The Eddie Aikau Invitational at Waimea Bay, traditionally an all-men’s event that started inviting a handful women two years ago, has claimed, as usual, that prime window.
Another disappointment: “I didn’t get Pipeline, that’s kind of a blow,” Depolito said.
While pro events get most of the attention, Depolito said, her focus is giving unranked girls and women the chance to compete in open events, including at such elite sites as Pipe.
“It gives the girls an opportunity to surf there, to get better at it,” she said.
Last season, for instance, she applied for and received a permit in partnership with the promoter of a men’s bodysurfing event at Pipeline, “and we did women’s bodyboarding and surfing.”
Just as with the professional surfing circuits, there are, on average, fewer than half as many females as males in menehune, junior and amateur events.

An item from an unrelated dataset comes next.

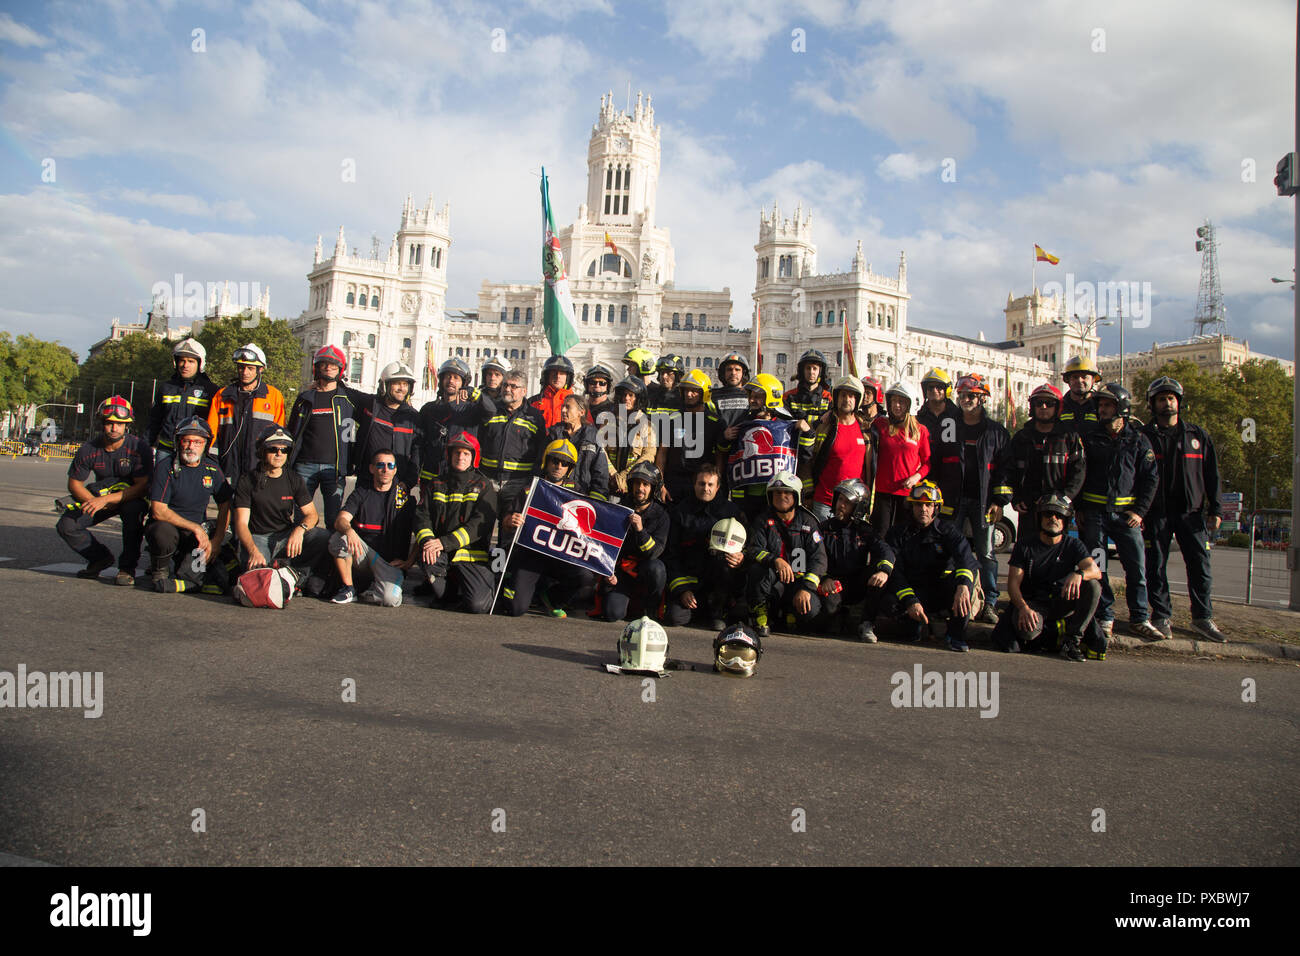 Madrid, Spain. 20th Oct, 2018. The territorial representatives of the fire brigades are seen posing for the camera during a demonstration in Madrid for a law that guarantees decent working conditions and ends precariousness and insecurity in their work. They also commemorated their colleague Eloy Palacio, the Asturian fireman who was killed in service because he did not have the necessary resources for his work. Credit: SOPA Images Limited/Alamy Live News Stock Photo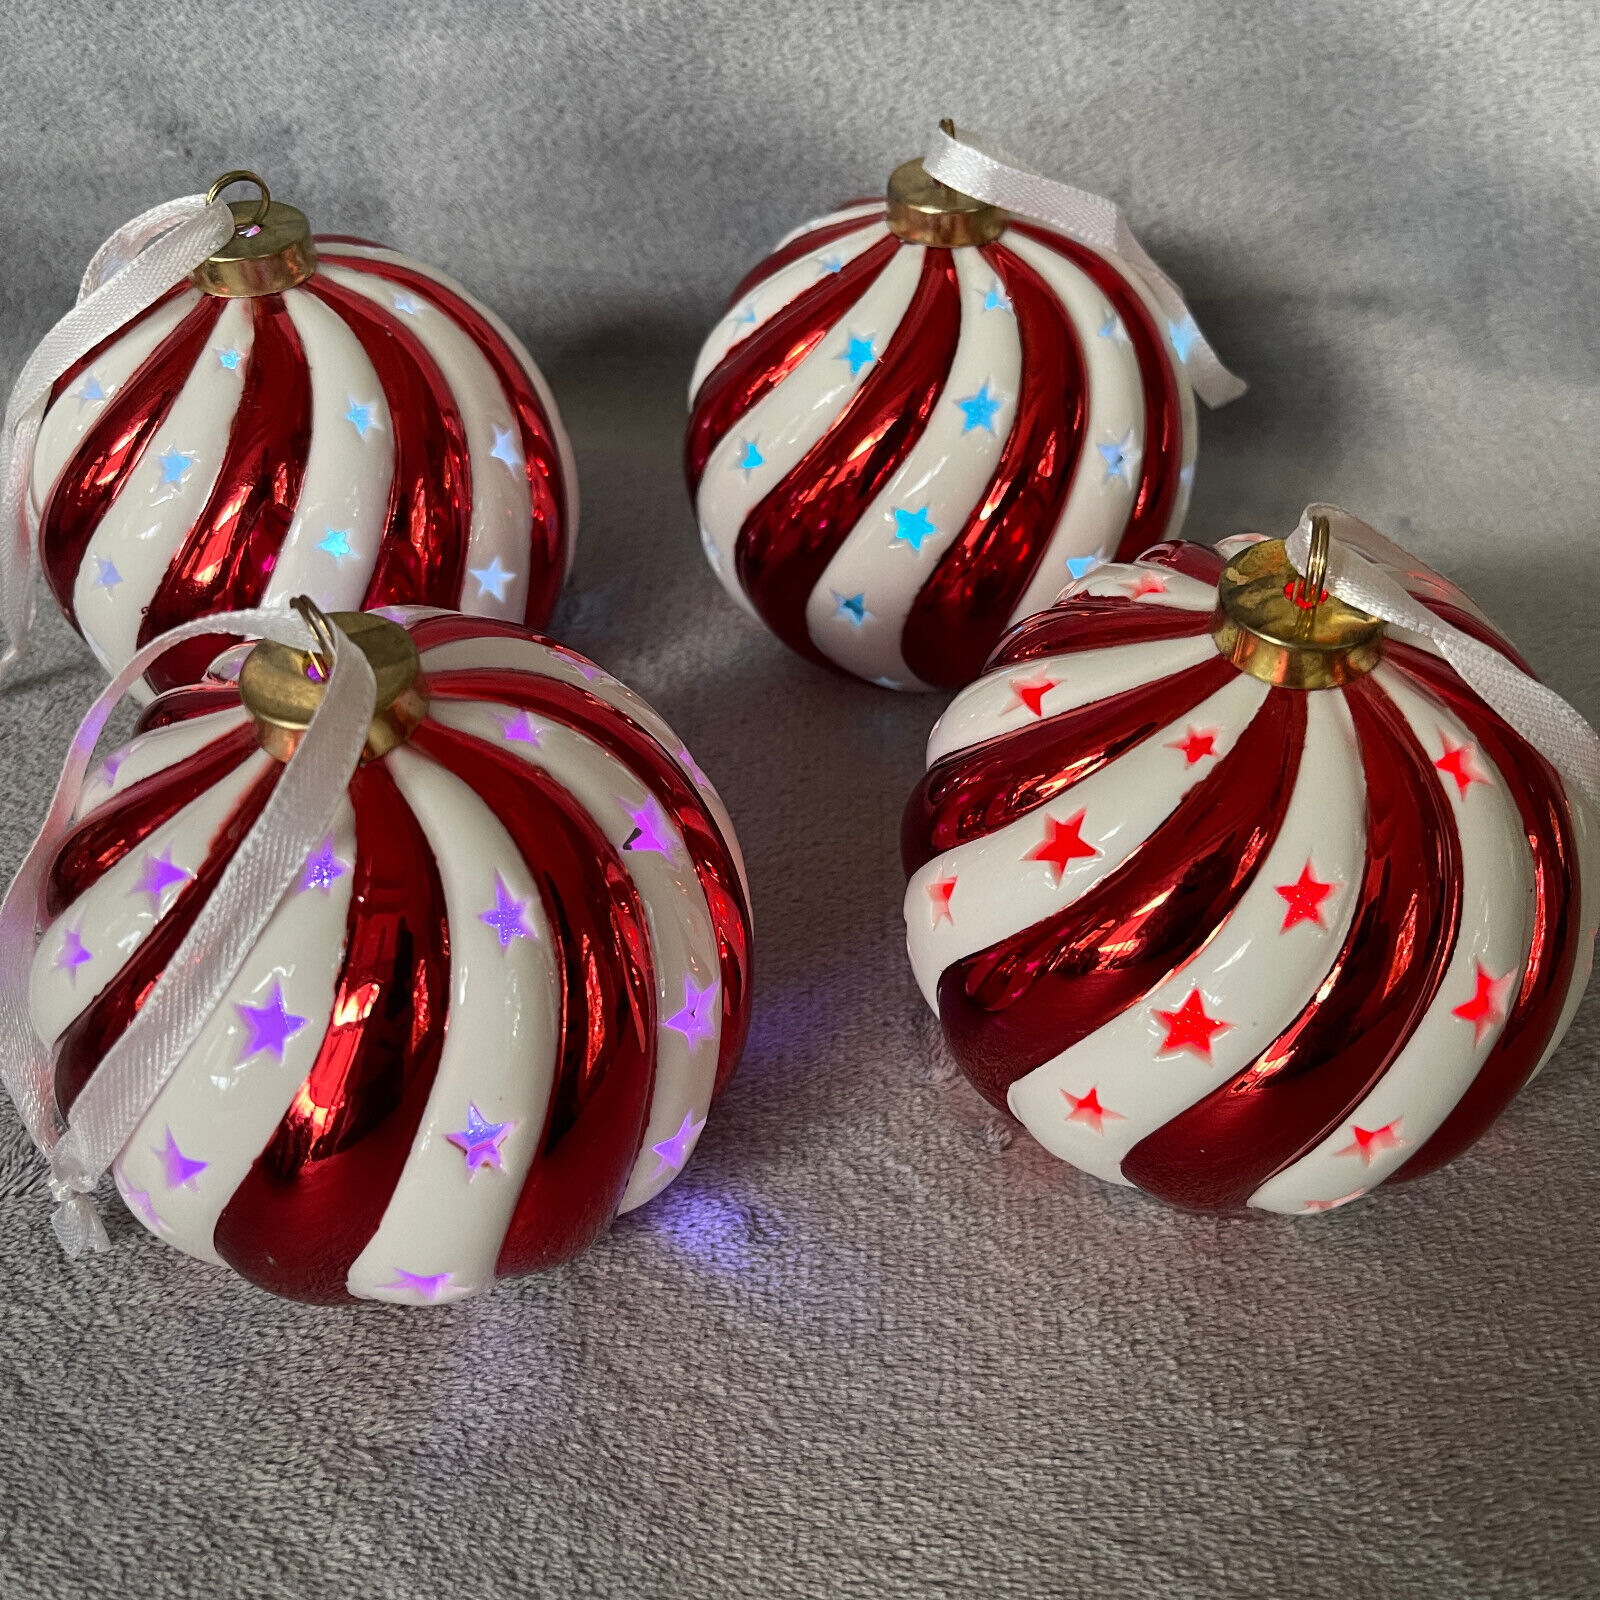 Set of 4 Flameless Multi Color Changing Light Up Holiday Ornament Balls Red

Furthermore, Hawaii youngsters already have few contests and opportunities to gain points, recognition and sponsors at home, without the often prohibitive expense of traveling to meets.
“Some say there’s not enough good girls,” Depolito said. “That’s not the point. We have to help surfing progress.”
On the eve of a historic Olympics in which Native Hawaiian waterwoman Moore will carry forward the legacy of great Olympian Duke Kahanamoku, islanders can at least rejoice that the sport of kings and queens has truly evolved into the sport of commoners, all of us stoked, natural aristocrats at sea.